Por supuesto que tendríamos que sumar además todas las obras de misericordia que muchísimos bautizados realizan en forma personal o asociada, animados por su fe en el Señor misericordioso. Todos hemos de sumarnos a estas obras de misericordia si está a nuestro alcance.
No cabe duda que construir la paz es también una obra de misericordia. Jesús de hecho incluyó a los que trabajan por la paz en la lista de los bienaventurados, quienes serán llamados hijos de Dios. Cristo resucitado se apareció a sus discípulos reunidos en el Cenáculo la misma noche del día de su resurrección.
Según nos narra hoy el evangelio de san Juan, Jesús se presentó en medio de ellos con un saludo por demás lleno de misericordia. Les dijo: “La paz esté con ustedes” (Jn 20, 19). Ellos habían perdido la paz por la enorme tristeza de la muerte de Jesús, pero también la perdieron por haber abandonado a su Maestro, compartiendo la vergüenza de Pedro por haberlo negado, así como la de Judas por haberlo entregado y haberse quitado la vida.
Ahora ya no había duda de la resurrección de Jesús, y el saludo de paz que les brindó los llenó de alegría y de salud espiritual. Luego Jesús les repite el saludo de paz, soplando sobre ellos, en señal de que les daba su Espíritu; de hecho, en hebreo, la palabra “espíritu” era equivalente a la palabra “viento” (ruah). Entonces les comunica el Espíritu para convertirlos en ministros de la paz dándoles autoridad para perdonar los pecados de los hombres.

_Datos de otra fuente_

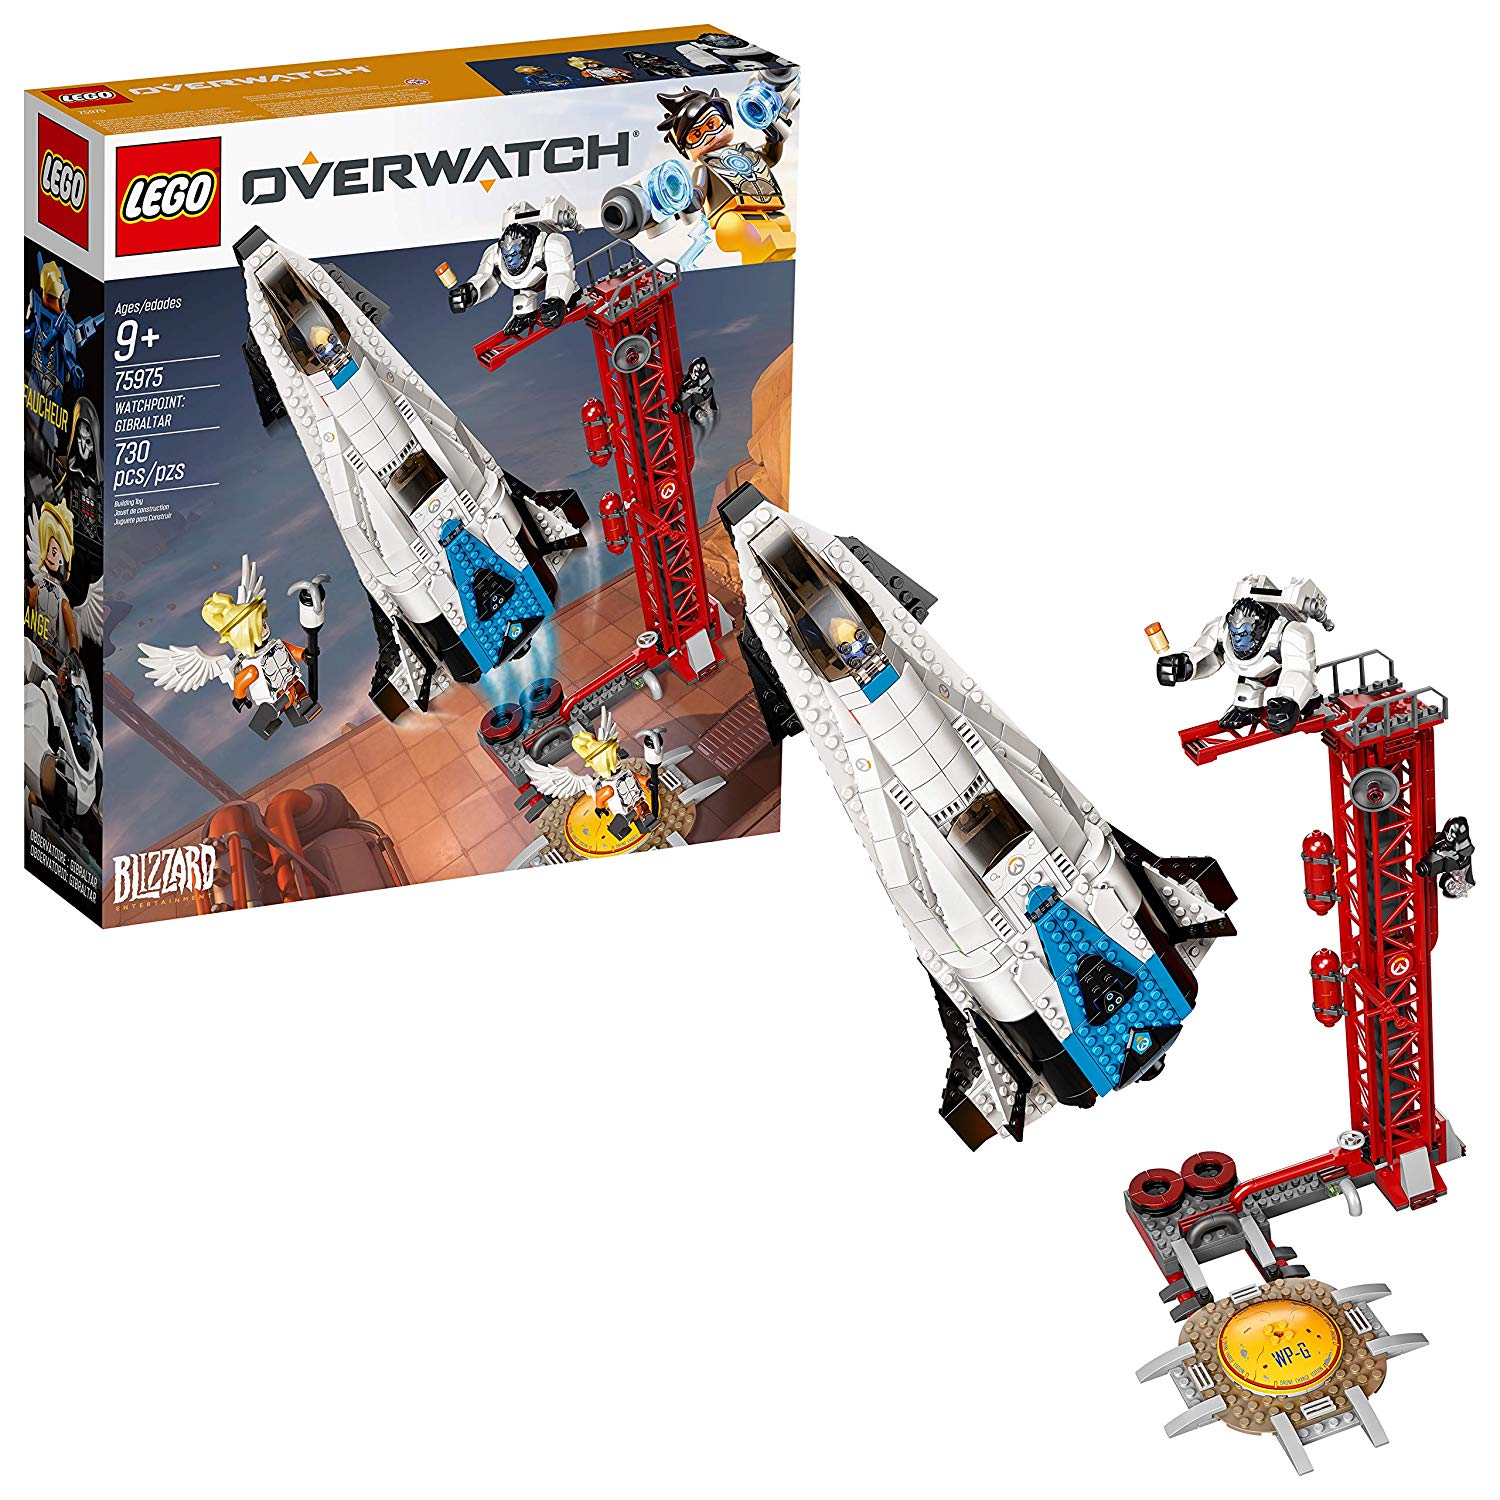 Lego Overwatch 75975 Watchpoint: Gibraltar (730 Pieces)

El tribunal del confesionario es un lugar de la misericordia divina, donde los ministros tenemos una enorme responsabilidad para tratar con misericordia a cuantos se acerquen, y de esto tendremos que dar cuenta a nuestro Señor. Ese saludo de paz de Cristo resucitado, los sacerdotes lo repetimos en cada Eucaristía antes de invitar a todos a darse la paz, para luego acercarse a la Comunión.

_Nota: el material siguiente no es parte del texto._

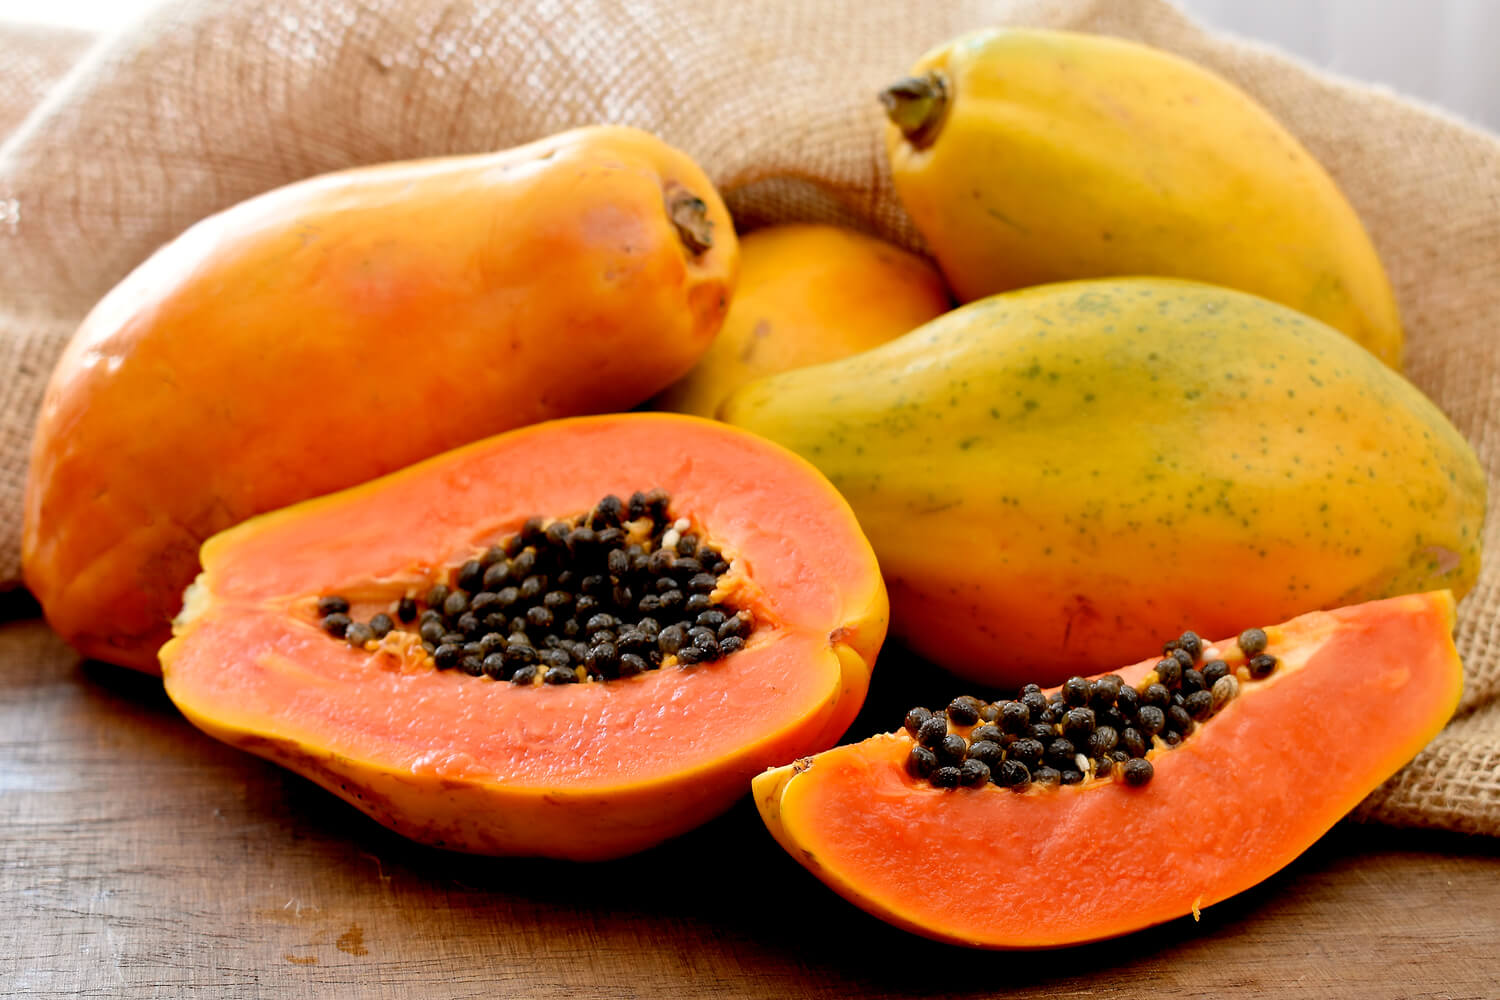 papaya during pregnancy

Dice también el pasaje de hoy: “Ocho días después” (Jn 20, 26), es decir, al cumplirse la Octava de la Pascua, siempre proclamamos este evangelio, cuando Jesús resucitado vuelve misericordioso para sanar la incredulidad de Tomás, y el saludo es el mismo: “La paz esté con ustedes” (Jn 20, 26).
También a Tomás le ofrece su paz, para que sane y se una al gozo de los demás creyendo en su resurrección. Hasta le ofrece la oportunidad de meter su dedo en los agujeros de sus manos, y su mano en el costado que fue herido por la lanza del soldado, para que verificara que era él. Tomás respondió con palabras de verdadera fe al decirle: “Señor mío y Dios mío” (Jn 20, 28).

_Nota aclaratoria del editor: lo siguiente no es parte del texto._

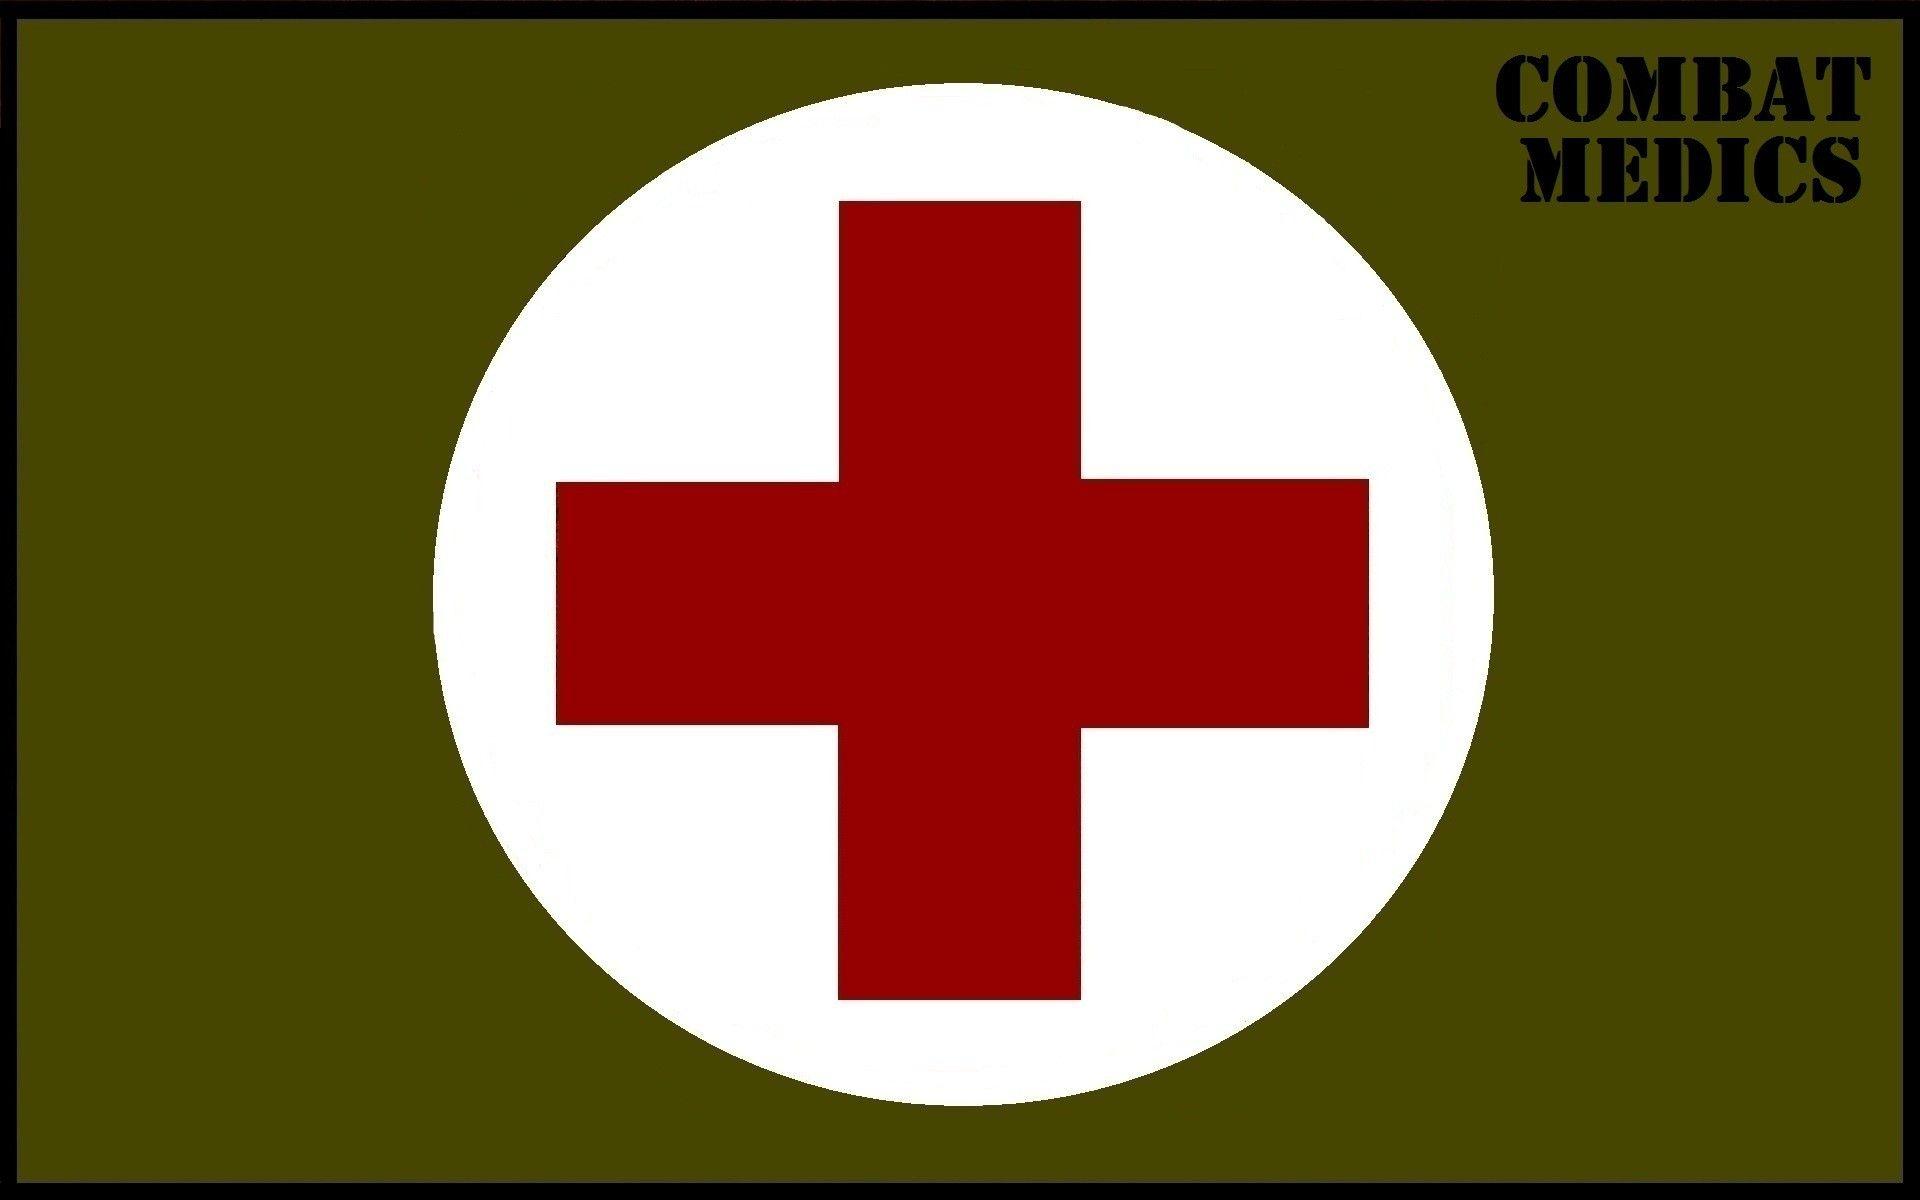 Download the Combat Medics Wallpaper, Combat Medics iPhone Wallpaper

La de Tomás es verdadera fe, porque una cosa es ver a un resucitado, como vio a Lázaro y a otras personas que Jesús resucitó, pero ahora no sólo ve a un resucitado, sino que contempla a su Señor y a su Dios. Es por eso que muchas personas, cuando el sacerdote levanta la hostia consagrada y luego el cáliz con la sangre de Cristo, proclaman su fe diciendo: “Señor mío y Dios mío”.
Escuchando igualmente la segunda lectura de hoy, tomada del inicio del Libro del Apocalipsis, las revelaciones narradas las recibió el apóstol san Juan el primer día de la semana, al que hoy llamamos “domingo”, es decir, “Día del Señor”. Allí Jesús resucitado invita a Juan a no tener miedo, y del mismo modo hoy nos invita a nosotros para no temerle a nada ni a nadie, diciendo: “No temas. Yo soy el primero y el último; yo soy el que vive. Estuve muerto y ahora, como ves, estoy vivo, por los siglos de los siglos. Yo tengo las llaves de la muerte y del más allá” (Ap 1, 17-18).
Animados por esa confianza, continuemos adelante con esperanza y alegría dando testimonio del Resucitado, principalmente, con obras de misericordia.
Que tengan todos una feliz semana. ¡Sea alabado Jesucristo resucitado!